Automatic resubmission of jobs

Automatic resubmission of jobs#

This option stands mainly for CCRT users. Because the maximum walltime of batch jobs is limited to 3 days, it may be necessary to relaunch the inversion. To achieve this, two optional arguments must be set in the obsoper as described below. The inversion will be automatically stopped after a given maximum duration autokill_time, and a new job will be resubmitted. It is important to set a sufficient margin between the autokill_time and the walltime of the cluster, because the kill/resubmit process occurs at the end of the loop of transforms. Therefore there has to be enough time between them to ensure that all transforms will be over before the job is killed. In order to achieve the resubmission:

  1. Modify the yaml allow for resubmission:

    • in obsoper, set option autokill_time to the duration after which the job is resubmitted.
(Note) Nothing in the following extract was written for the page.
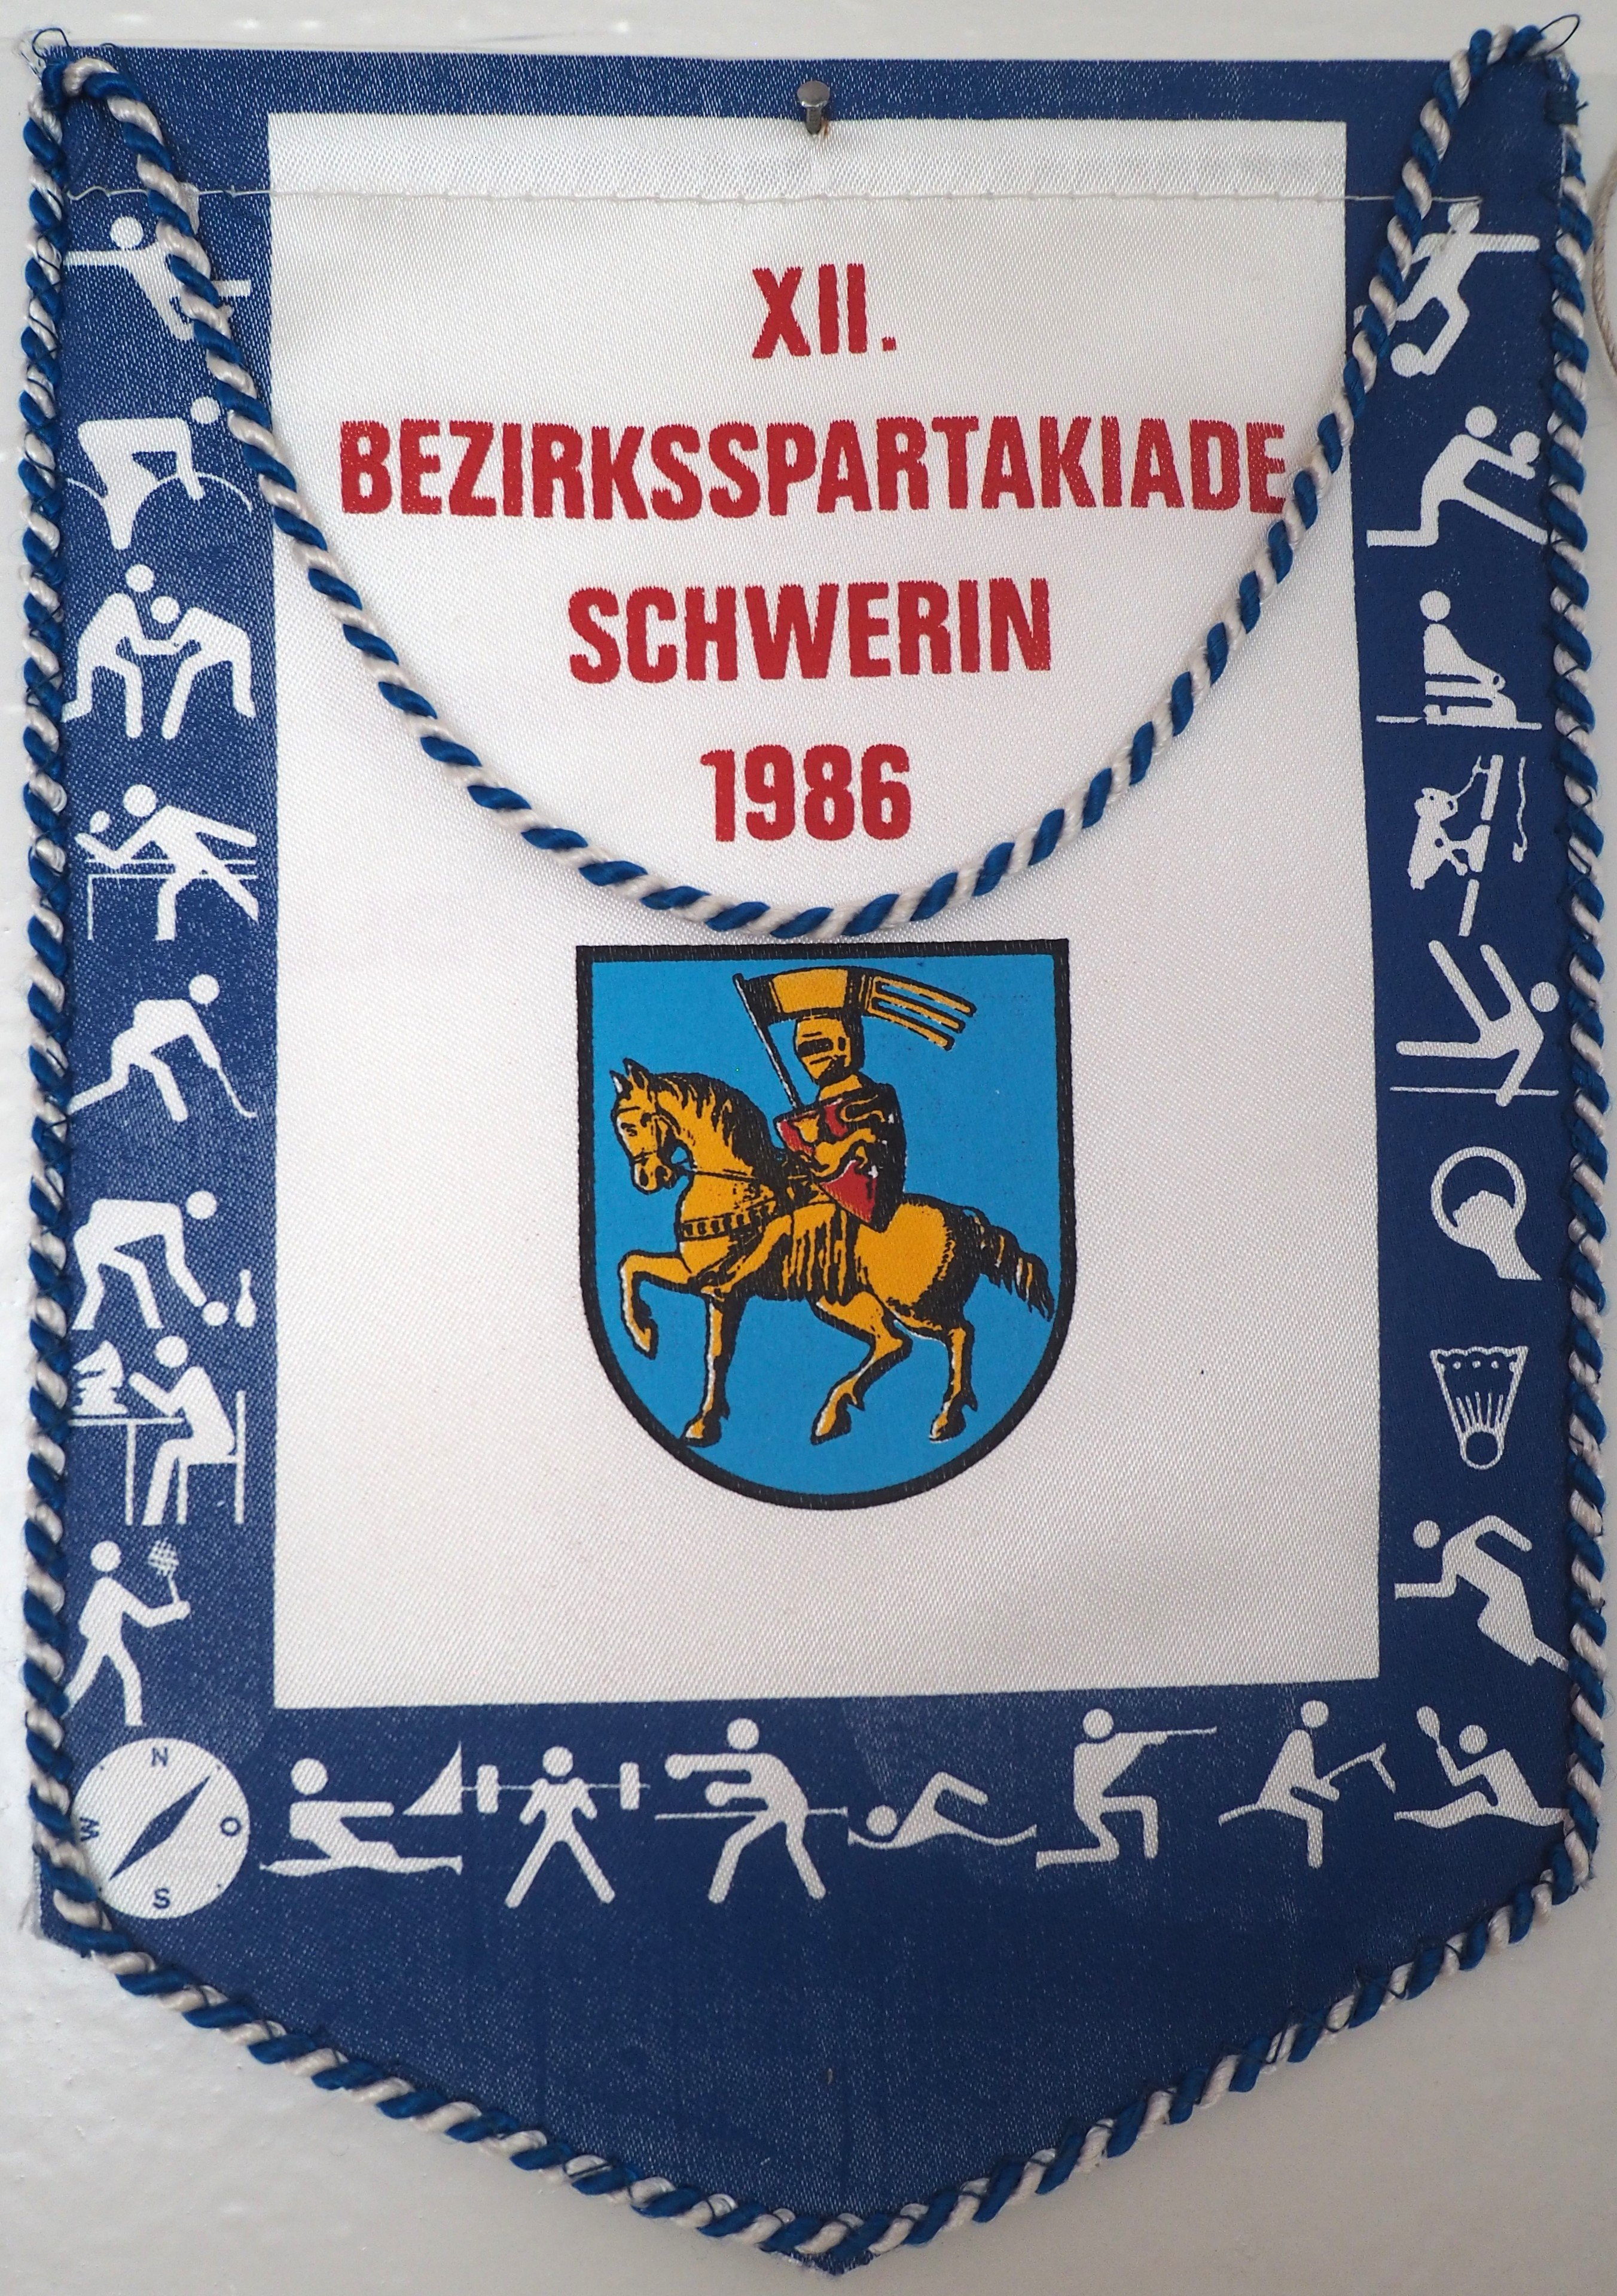 Wimpel: 12. Bezirksspartakiade Schwerin 1986 (DDR Geschichtsmuseum im Dokumentationszentrum Perleberg CC BY-SA)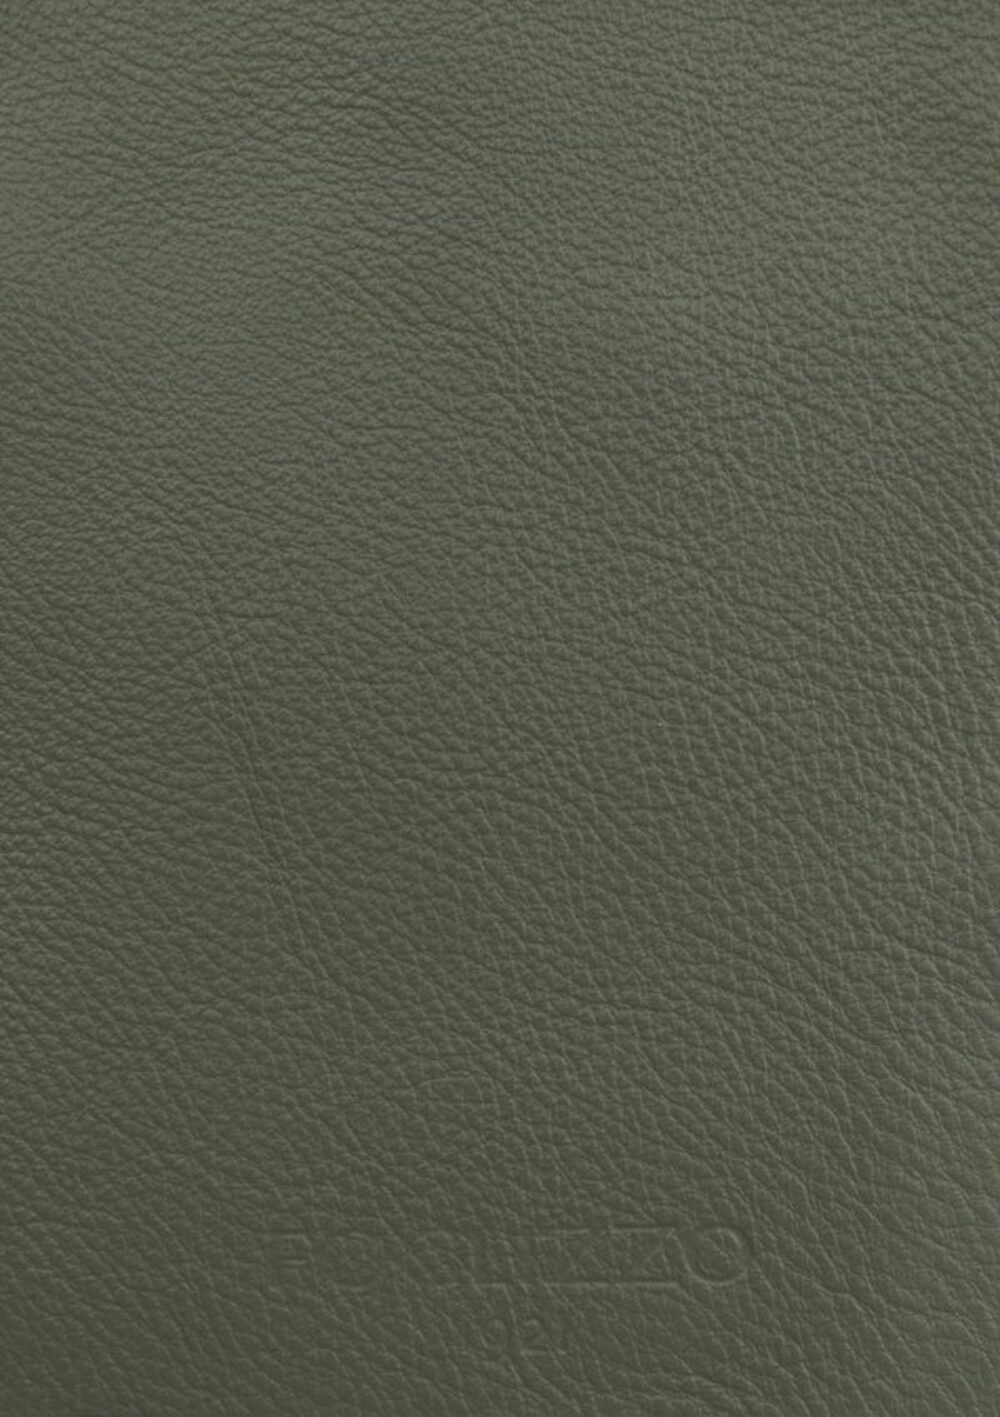 Diseño de lujo y alfombras de alta gama hechas a medida • Seal Grey Jade

    • in simulator, set option max_resubmissions.

obsoperator:
  plugin:
    name: standard
    version: std
    type: obsoperator
  autokill_time: 71H
  max_resubmissions: 5
  1. Depending on the user’s configuration of the CIF at CCRT, it may be necessary to add a python userbase path with python_userbase and a virtual environment path with python_venv.

  2. A new job will be resumitted when autokill_time is reached, allowing to perform inversions on periods longer 3 days.